Never heard of it before? It wasn’t assigned as a special purpose top-level domain (spTLD) name for residential and small networks until 2018.
The home.arpa
spTLD isn’t a globally unique domain name, and you can’t resolve it across the internet. It’s only meant to be used inside a small network, such as your home network. Routers and Domain Name System (DNS) servers know, [in theory], not to forward ARPA requests they don’t understand onto the public internet.
You may have seen some suggest you use the .local
spTLD instead. That is an older spTLD name used by the self-configuring Multicast DNS (mDNS) protocol (RFC 6762). You should not configure your router or devices to use this domain name.
DNS clients may defer the resolution of .local
spTLDs to the system’s mDNS resolvers instead of its DNS resolver. You can end up with domain resolution conflicts, or a situation where only some devices can resolve your domains.
What domain name to use in a residential home or local area network most often comes up in the context of configuring the DHCP server on your router. Most gateway routers leave it empty by default, or may populate it with a domain assigned by your Internet Service Provider (ISP). You can safely set it to home.arpa
on your local network’s DHCP server.
Devices on your network should then assign themselves a example-device-hostname.home.arpa
domain name. Please note that not all residential routers binds its DHCP leases’ host- and domain names to resolvable DNS entries in the router’s DNS server. You may not be able to resolve the home.arpa
domains without additional configuration (or a different router or dedicated DNS server).
Your time is better spent ensuring all your devices support mDNS resolution than trying to fix DHCP lease bindings and DNS resolution on your router. DHCP–DNS resolution is complex to get working right if your network equipment even supports it. Linux and MacOS should be all set to work with mDNS. Although, you may need to adjust your firewall configuration on Linux, depending on your setup. Windows devices may need you to install an mDNS resolver and tweak the Windows Firewall.
Devices and programs that are configured to avoid your router for DNS resolution may not be able to resolve the home.arpa
domain name. Try reverting any changes you’ve made to the DNS settings on your devices, or make sure they’re set to use your router for DNS. Some programs, like web browsers, may have their own special settings for DNS or encrypted DNS like DNS over HTTPS.

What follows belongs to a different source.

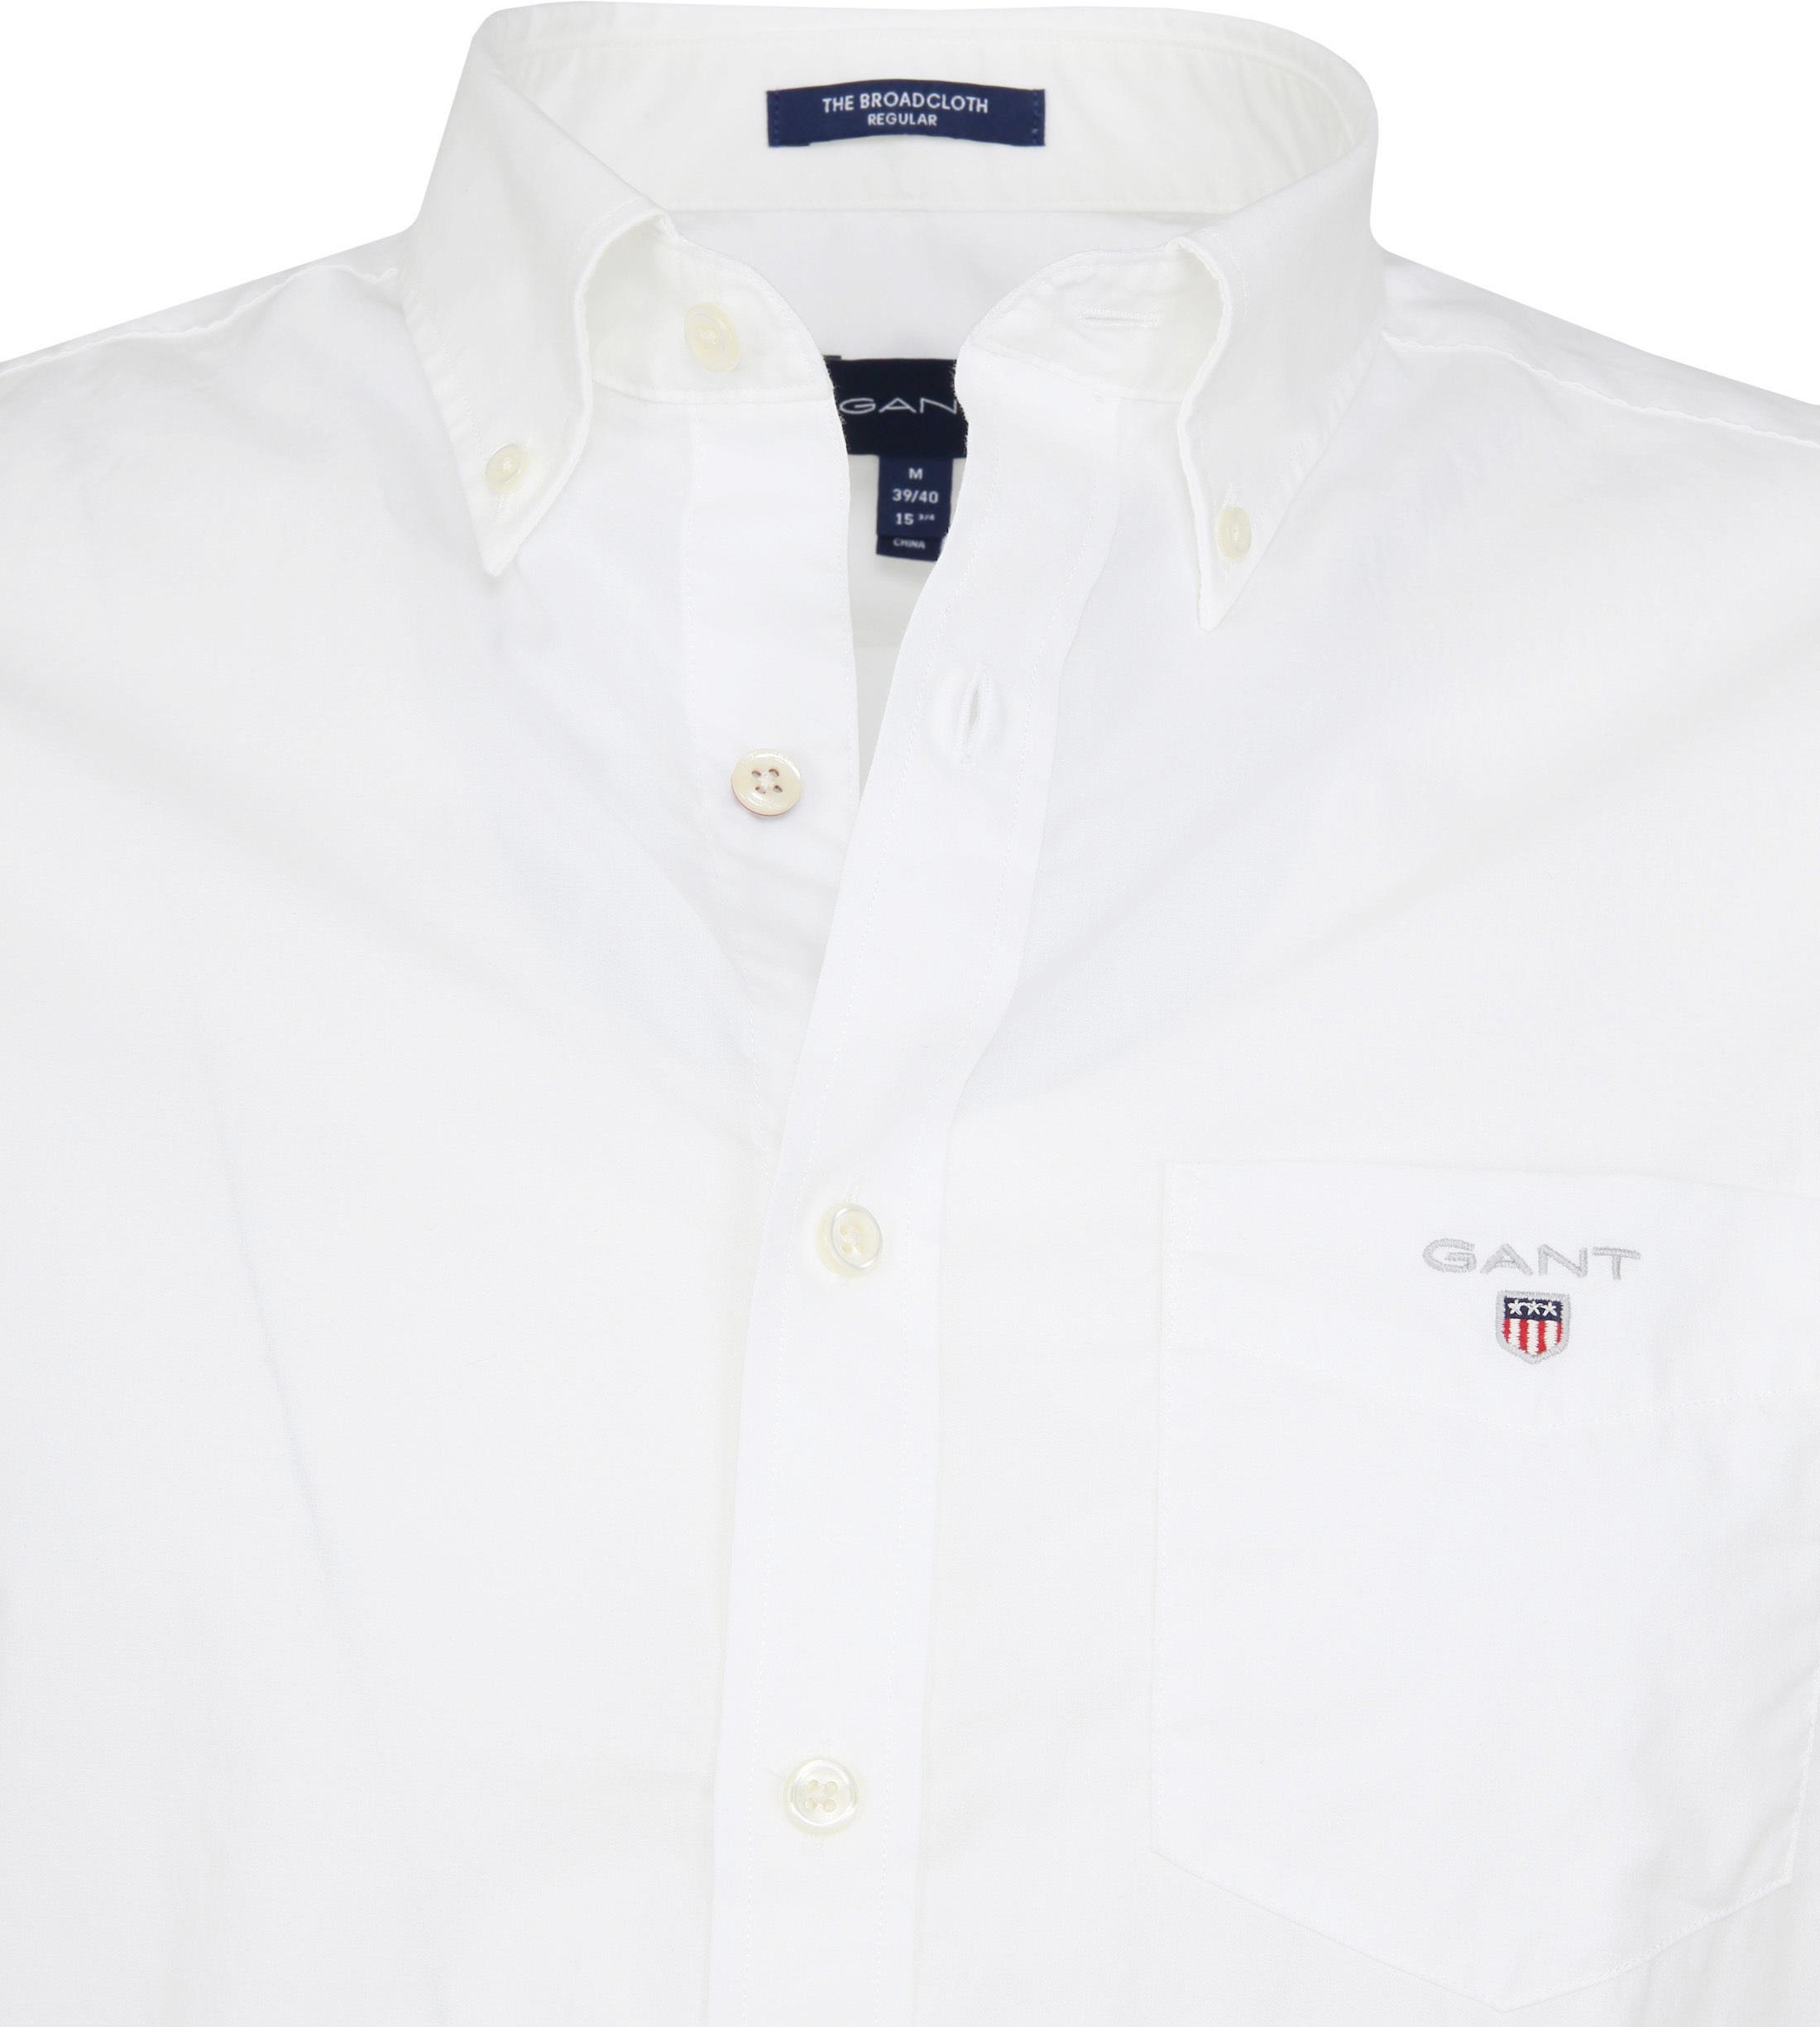 Gant Overhemd SS Broadcloth Wit foto 1

Do not use undelegated domain names like .lan
, .home
, .homenet
, .homegroup
, .network
, nor should you make up your own domain name. If you use a made-up domain name, then DNS requests may go unfulfilled by your router and it forwards them to the global DNS root servers. This creates needless overhead for the core internet infrastructure, and leaks information about your network (such as device names). Web browsers and other software, including your router, should already know not to do that with .local
and .home.arpa
domains.
Alternatively, you can use a domain name or a subdomain you’ve bought from a domain registrar or DynDNS service provider. This setup requires extra configuration of your router to work locally, and an advanced setup involving dynamic-domain names, like DynDNS, to work over the internet.